My drug addiction counselor, Counselor 6014, in Rehab pointed to the sun and said: “If that’s not God, then what is it?”
I said, “I guess I am open to the point you’re making.”
He said, “No, seriously. How can that be so perfect?”
I said, “Obviously, it is fortunate that it’s right there. Otherwise, we wouldn’t be right here.”
He said, “Yes it is. How amazing.”
———
Later on, in Rehab — I saw an Eagle. Where I’m from, there aren’t really eagles. There are perhaps no eagles. Much later in the future, I would see an eagle in the zoo where I live. I would see two eagles at the same time, actually. Not one of those creatures took any sort of flight.

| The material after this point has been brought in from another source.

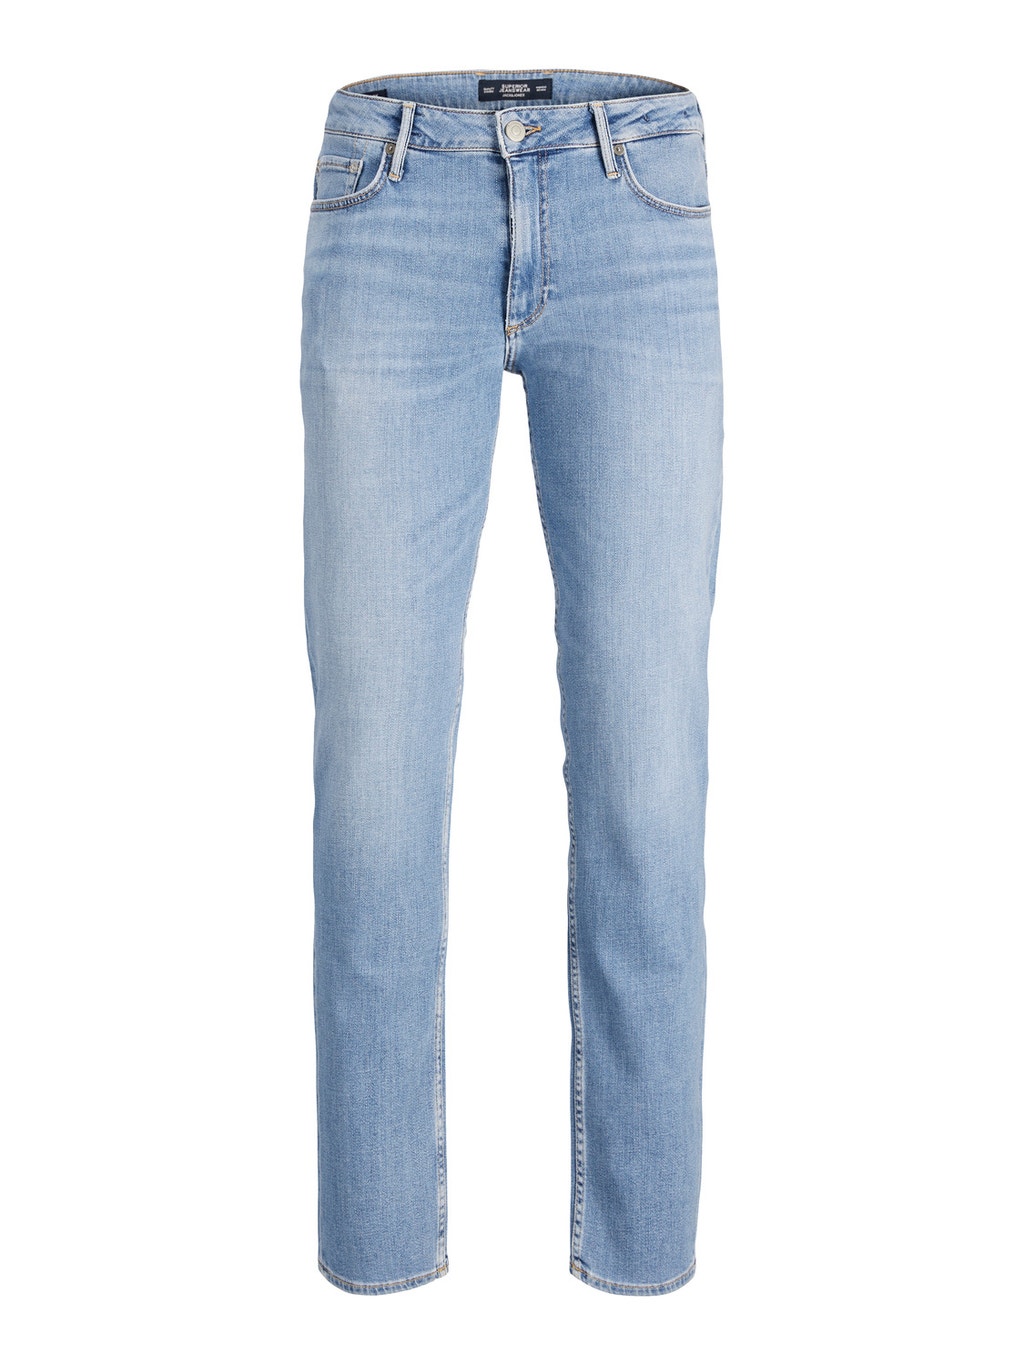 jackjones.com | Clark evan CJ 331 regular fit jeans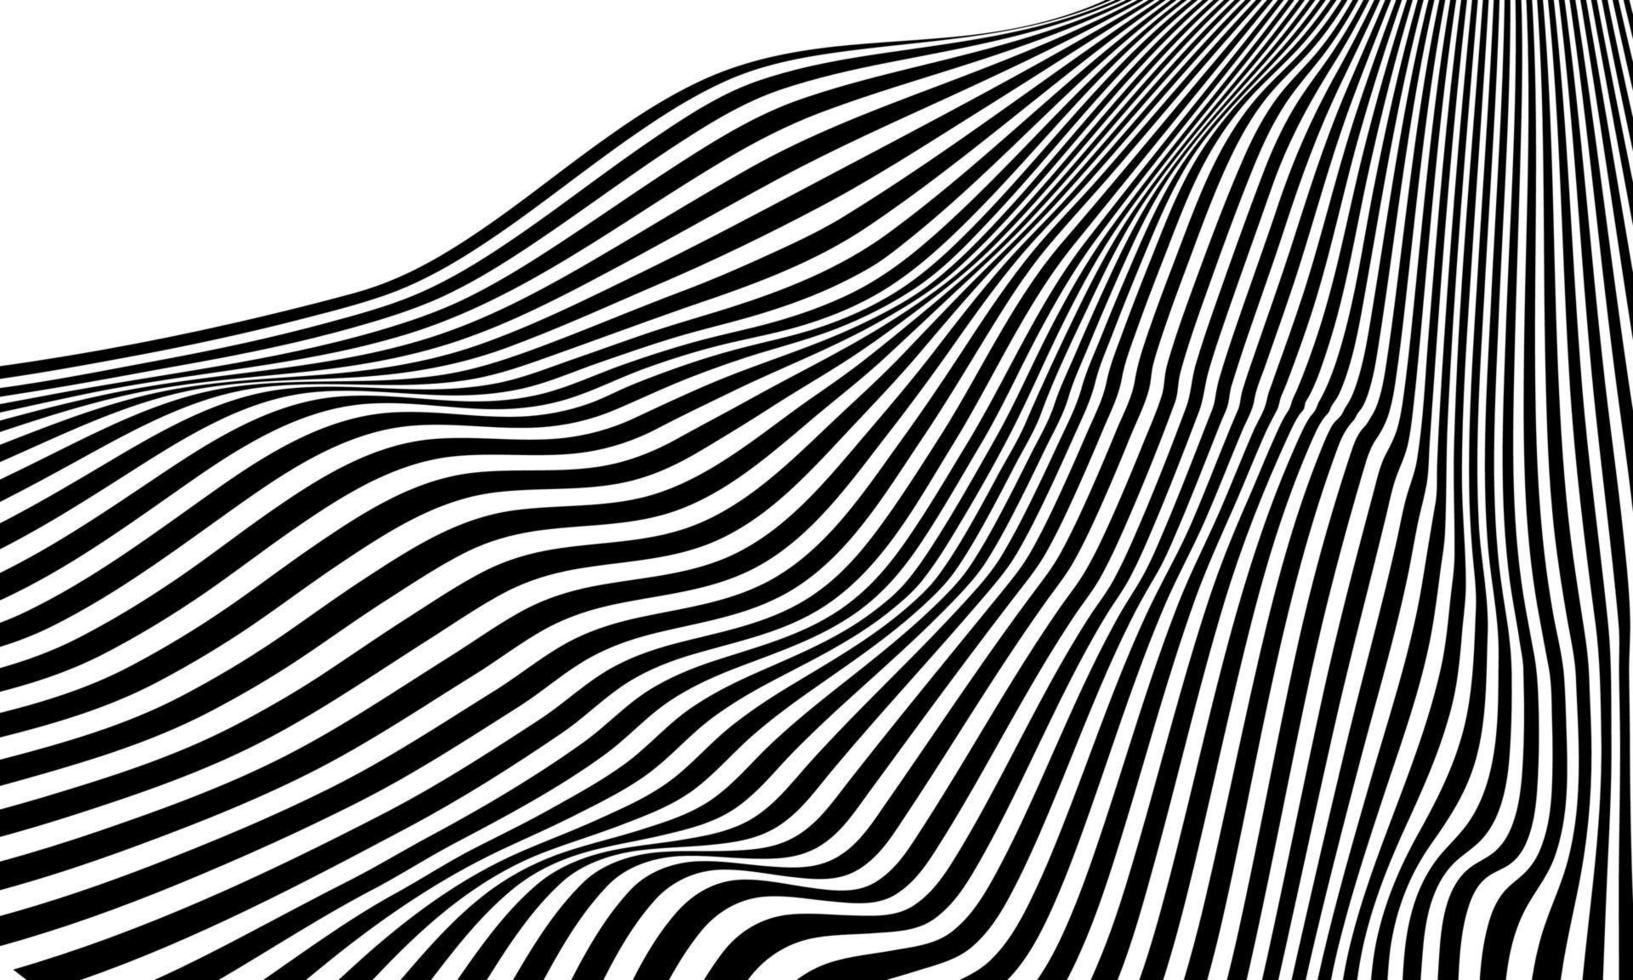 estoque abstrato preto branco cor padrão de design estilo óptico ilusão cartaz papel de parede backgound vetor

So: I’m on my third cup of coffee no later than 7 AM, looking up at the vast wingspan at work thinking to myself: OK. That is obviously pretty Godly.
Sitting in the circle with a bunch of fellow degenerates from the Great North, I share the fantastic news: I had seen an Eagle.
“There are tons of eagles here, man.”
“You’re fuckin’ high.”
“We still shoot ‘em here.”
———
Counselor 6014 handed me a packet of long-form questions. They were to guide my reflection on the thinking that got me here. It is beautiful here — and quiet. They left us our phones since the Pandemic —well I’m not sure what it had to do with anything. But I’d still receive calls from my pals. They were obviously lit; wanted me to know they were holding it down and they missed me. And they had my chain from one night.
I tried to find the questions verbatim, but the drawer I left them in some years ago stuck. I’m not 100% sure they’re even in there, so: fuck it.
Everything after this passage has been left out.